Member of the Australian Parliament for Dunkley
- Incumbent
- Assumed office 2 March 2024
- Preceded by: Peta Murphy

Personal details
- Born: 29 June 1967 (age 59)
- Party: Labor
- Education: Chisholm TAFE and RMIT University
- Occupation: Politician
- Website: jodiebelyea.com.au

= Jodie Belyea =

Australian politician

Jodie Anne Belyea (/ˈbɛljeɪ/) (born 29 June 1967) is an Australian politician representing the Australian Labor Party. She was elected to the House of Representatives for the Victorian seat of Dunkley at a by-election in March 2024.

==Early career==
In her early career, Jodie worked for Sussan and philanthropist Marc Besen.

Belyea studied at Chisholm TAFE and has a Master's in Leadership, Organisational Consulting and Change and undergraduate qualifications in Business Administration, Community Development and Youth Work.

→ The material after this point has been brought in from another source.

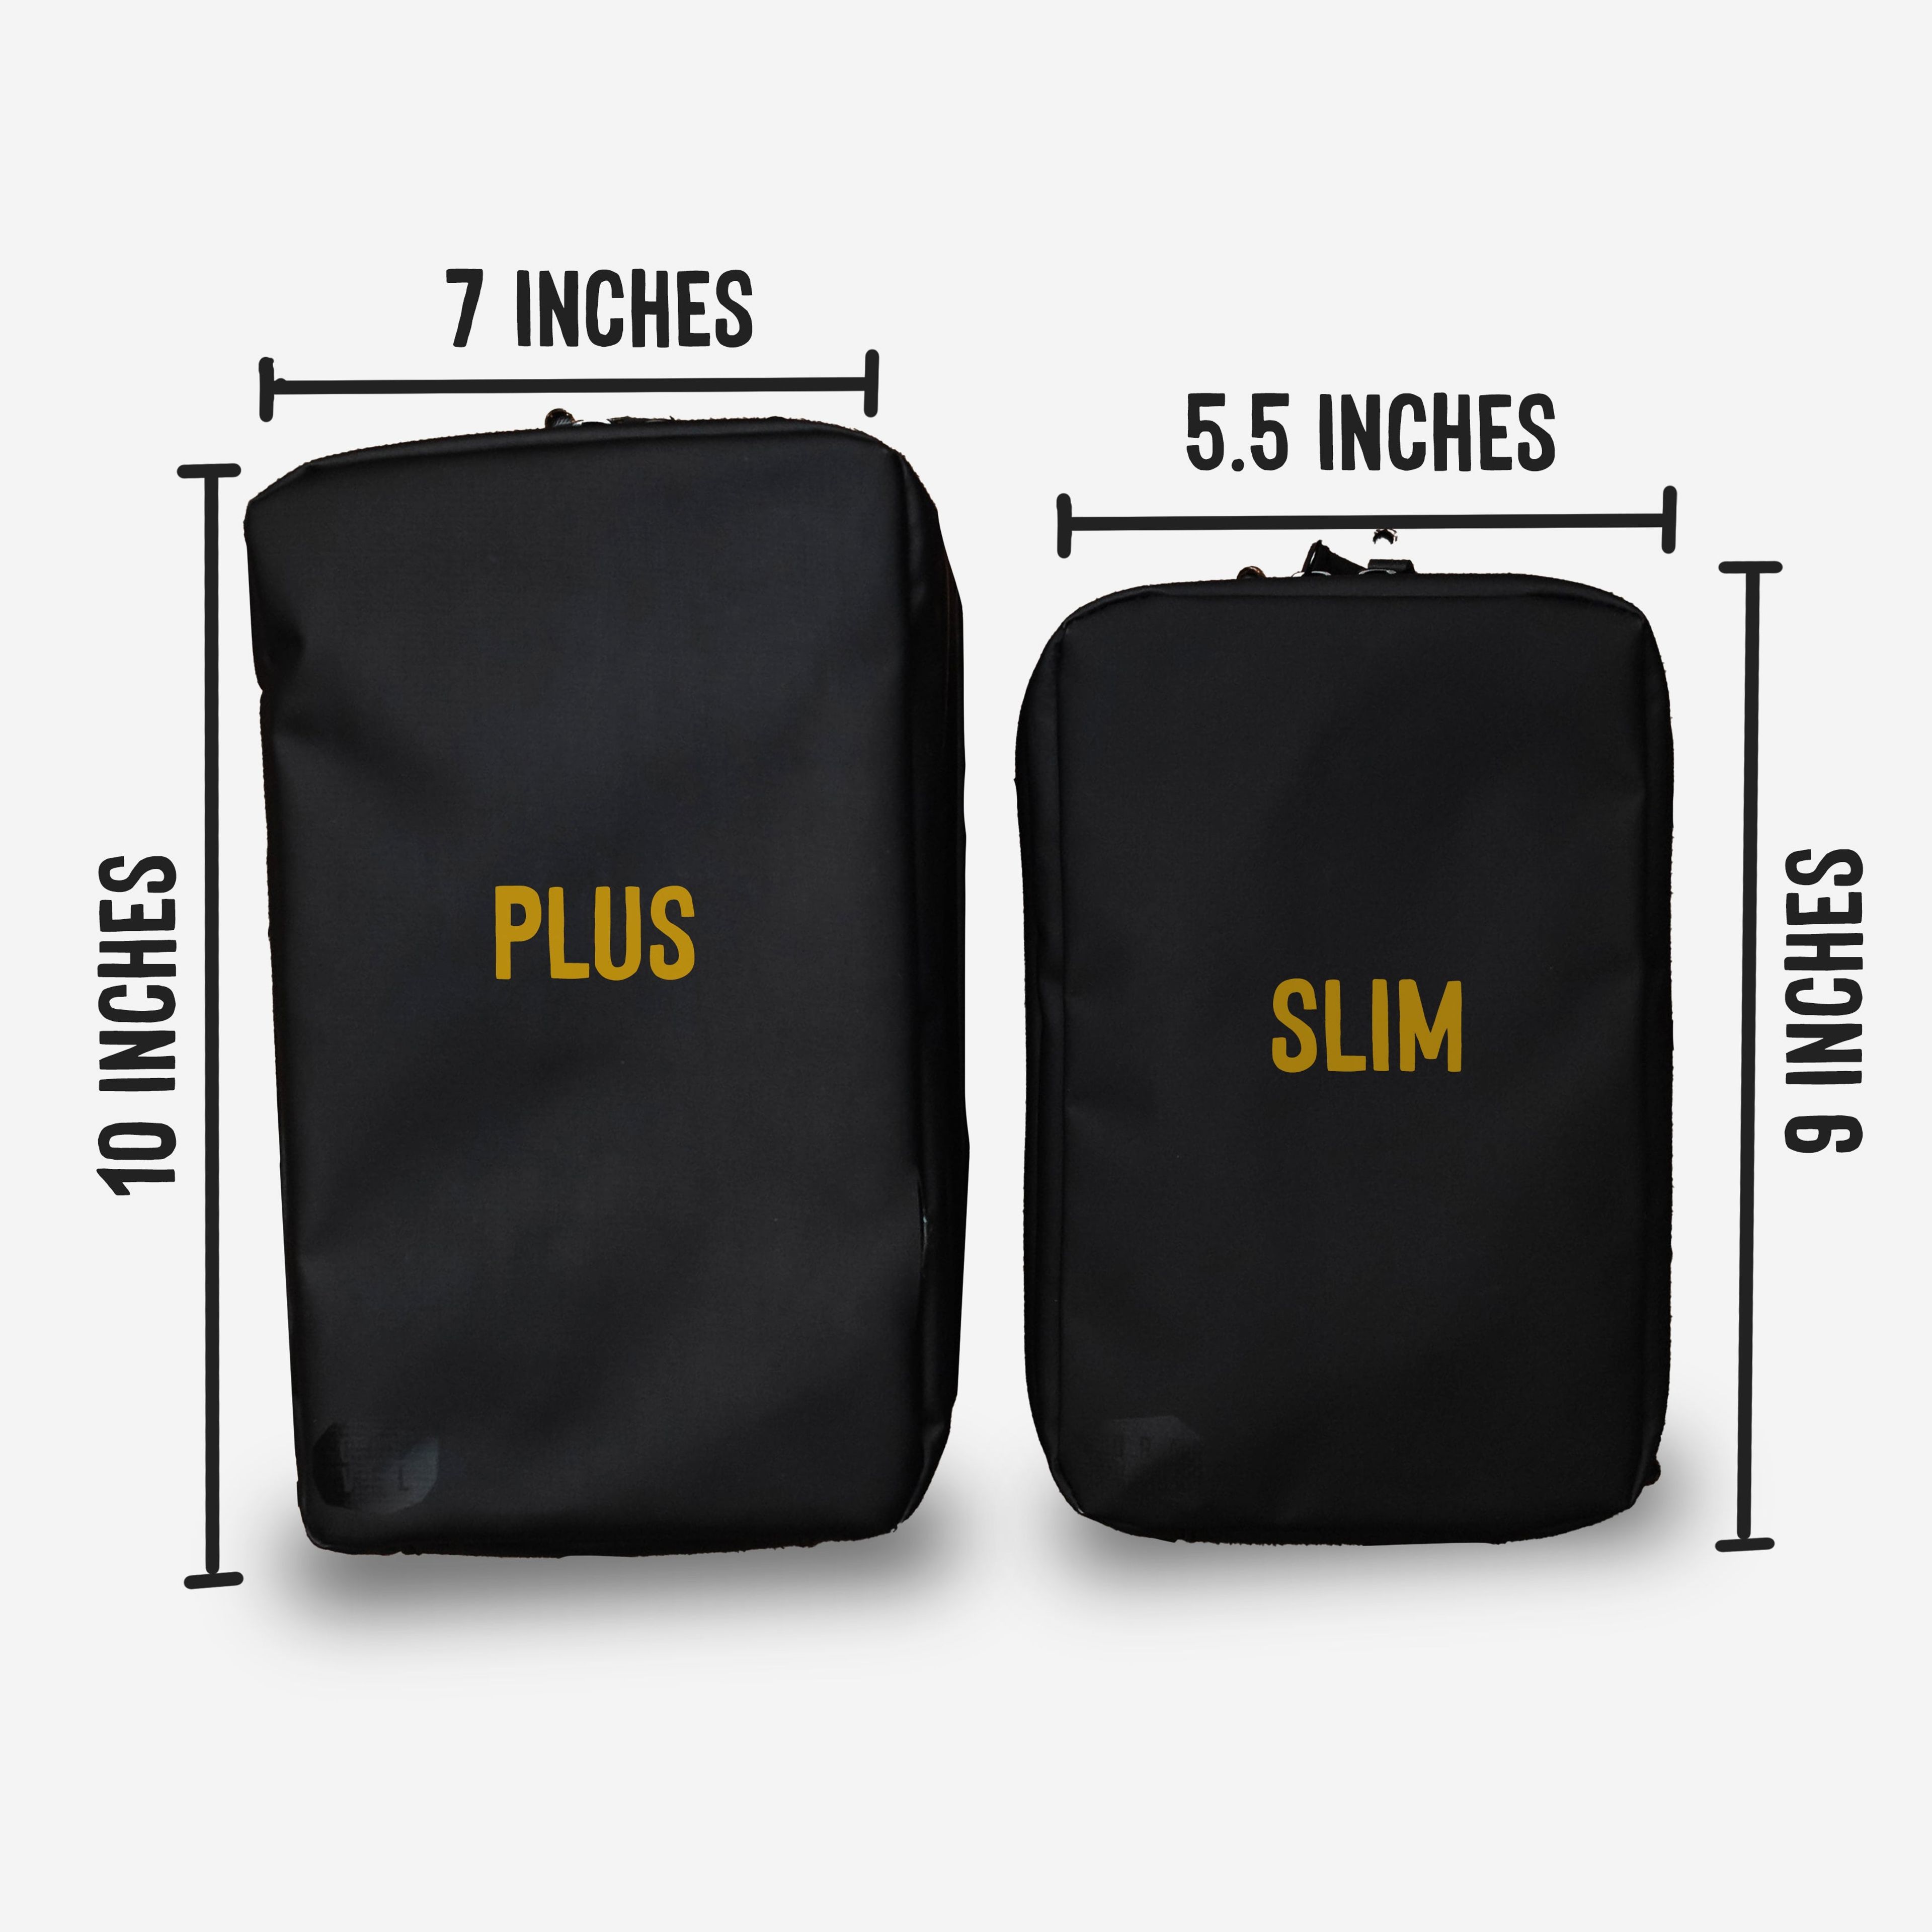 Black Explorer PLUS Toiletry Bag - Packing More

She also studied at RMIT University where she attained a Master's of Business Leadership.

In 2018, she founded the Women's Spirit Project, a grassroots volunteer-led project on the Mornington Peninsula with a vision to empower and support vulnerable women through fitness, health and wellbeing activities. She has worked with organisations including Anglicare Victoria.

== Political career ==
Belyea won the 2024 Dunkley by-election following the passing of former Member for Dunkley, Peta Murphy MP in December 2023. Belyea won 41.1% of the primary vote and 52.7% of the two party preferred vote.

In the 2025 Federal Election, she won an increased margin of 57.1% points of the two-party-preferred vote against Liberal candidate Nathan Conroy.

In the 48th Parliament of Australia, Jodie was elected Chair of 2 Parliamentary Committees: the Joint Standing Committee on Implementation of the National Redress Scheme and the Standing Committee on Petitions.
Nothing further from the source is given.